The Healing Power of Beltane
Friday, May 6th, 2016This was my fourth trip to THE Beltane and as been noted elsewhere, it was my most Beltaney-est Beltane ever. But there’s a deeper story.
Four years ago I was coming out of one of the darkest times in my life. Going to Beltane then was part coming home to elements of myself that had been forced into hiding and part pushing some sharp edges. But that first year I was blessed to share a cabin with genuine chosen family. It was during that first night that I woke and looked across to the next bed and saw the peaceful sleeping face of a dear sweet friend. I began then to feel the true universality of love. That it doesn’t need to be limited, or controlled, or even defined. That it can just be. Later at the fire, another old voice helped in my healing when she said “how deeply we feel the pain is how deep our love is”. At that moment my chosen family closed ranks around me.
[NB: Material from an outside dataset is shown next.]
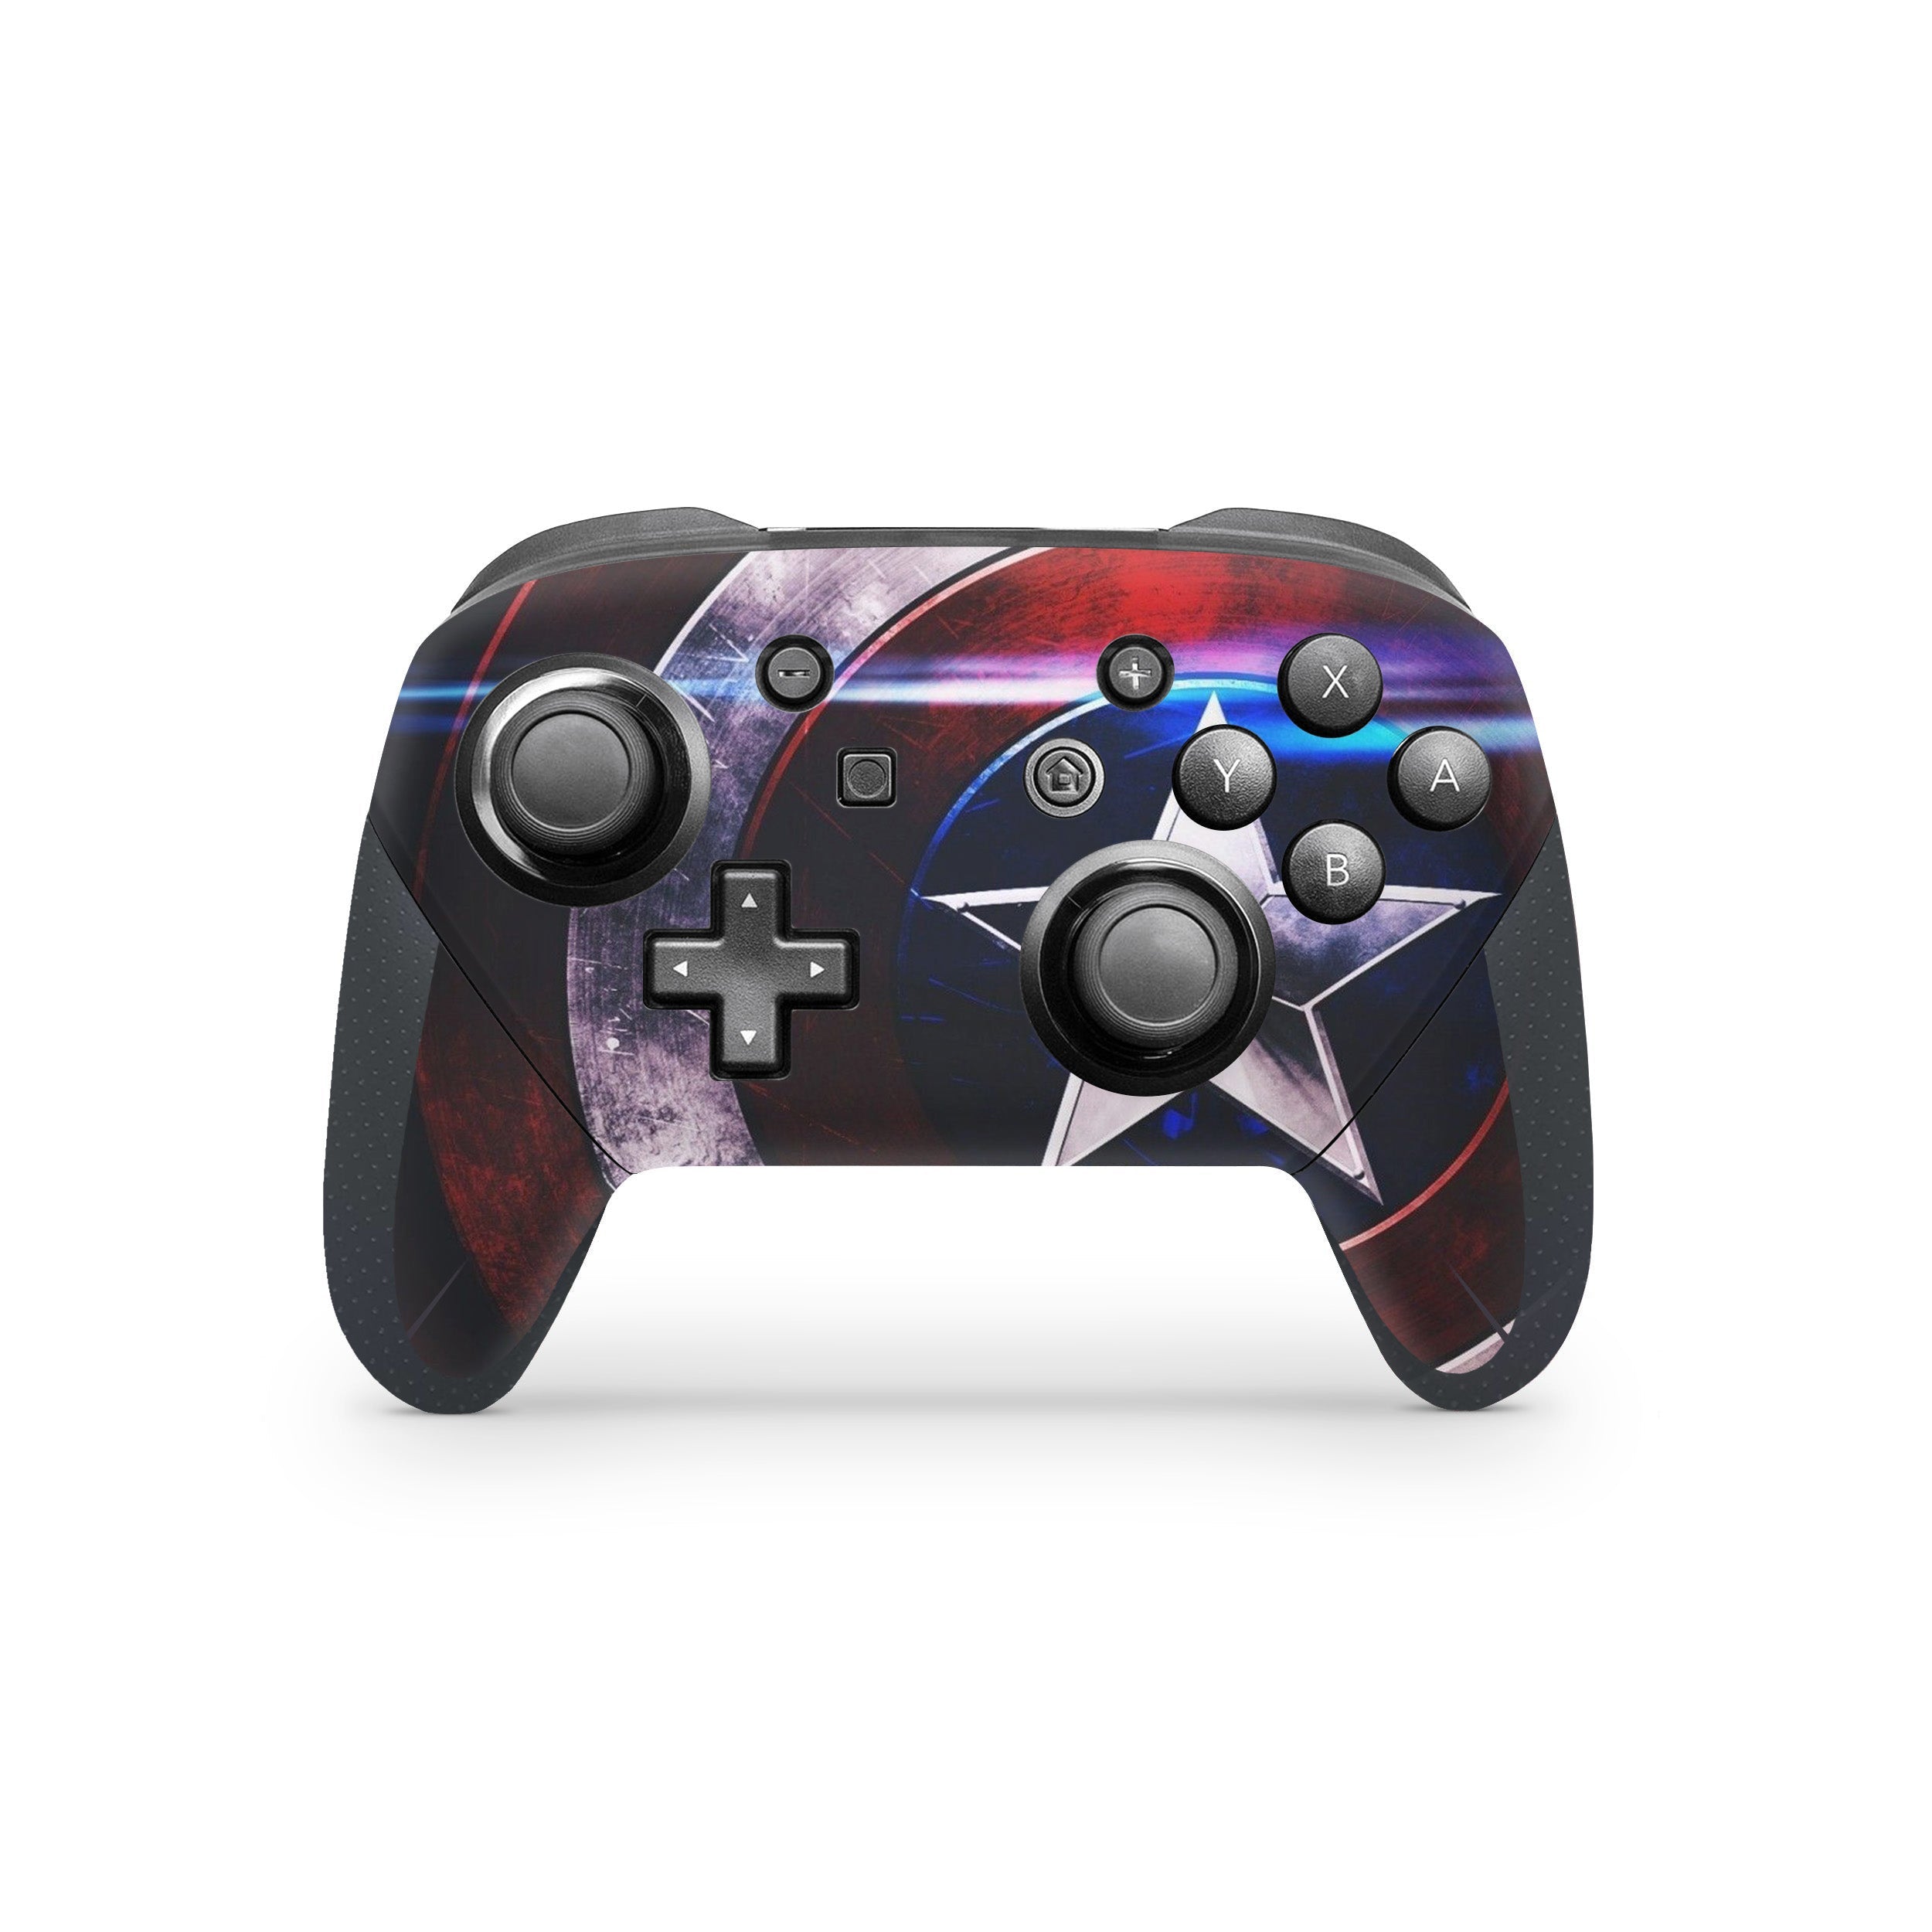 A video game skin featuring a Marvel Captain America design for the Switch Pro Controller.

I owe them more than I can ever express.
My second year still has echoes of the pain of the prior year – this time somewhat recast. Again, more healing… spurred by the unexpected revelation of lingering love. The fact that love didn’t (and couldn’t) take root doesn’t diminish how bright that light was. Year two also had a spiritual component where I dared claim my identity – and found a dear, dear ally who stood beside me and held my hand. A bright and brilliant soul who is deeply missed.
Year three saw more growth and edges pushed… and old wounds healing. There was movement toward reconciling past hurts, and more confidence and assertions of my own self and not only my value, but defending the value of my family of choice. If year one was childhood, and year two adolescence, year three was young adulthood. Brave perhaps, but still naive.
Year four – this year – the pieces finally came together. Again nestled safely with family, I began to branch out and actually live Beltane. I met a new and beautiful soul, I was part of an amazingly deep four-way connection in the “Mindful Kissing and Foreplay” class, and I played publicly for the first time in nine years. I felt whole and I felt alive.
So many people made this Beltane the fullest and most healing to date, deep gratitude to each of you for ‘getting me’ and for being amazing souls in my life!!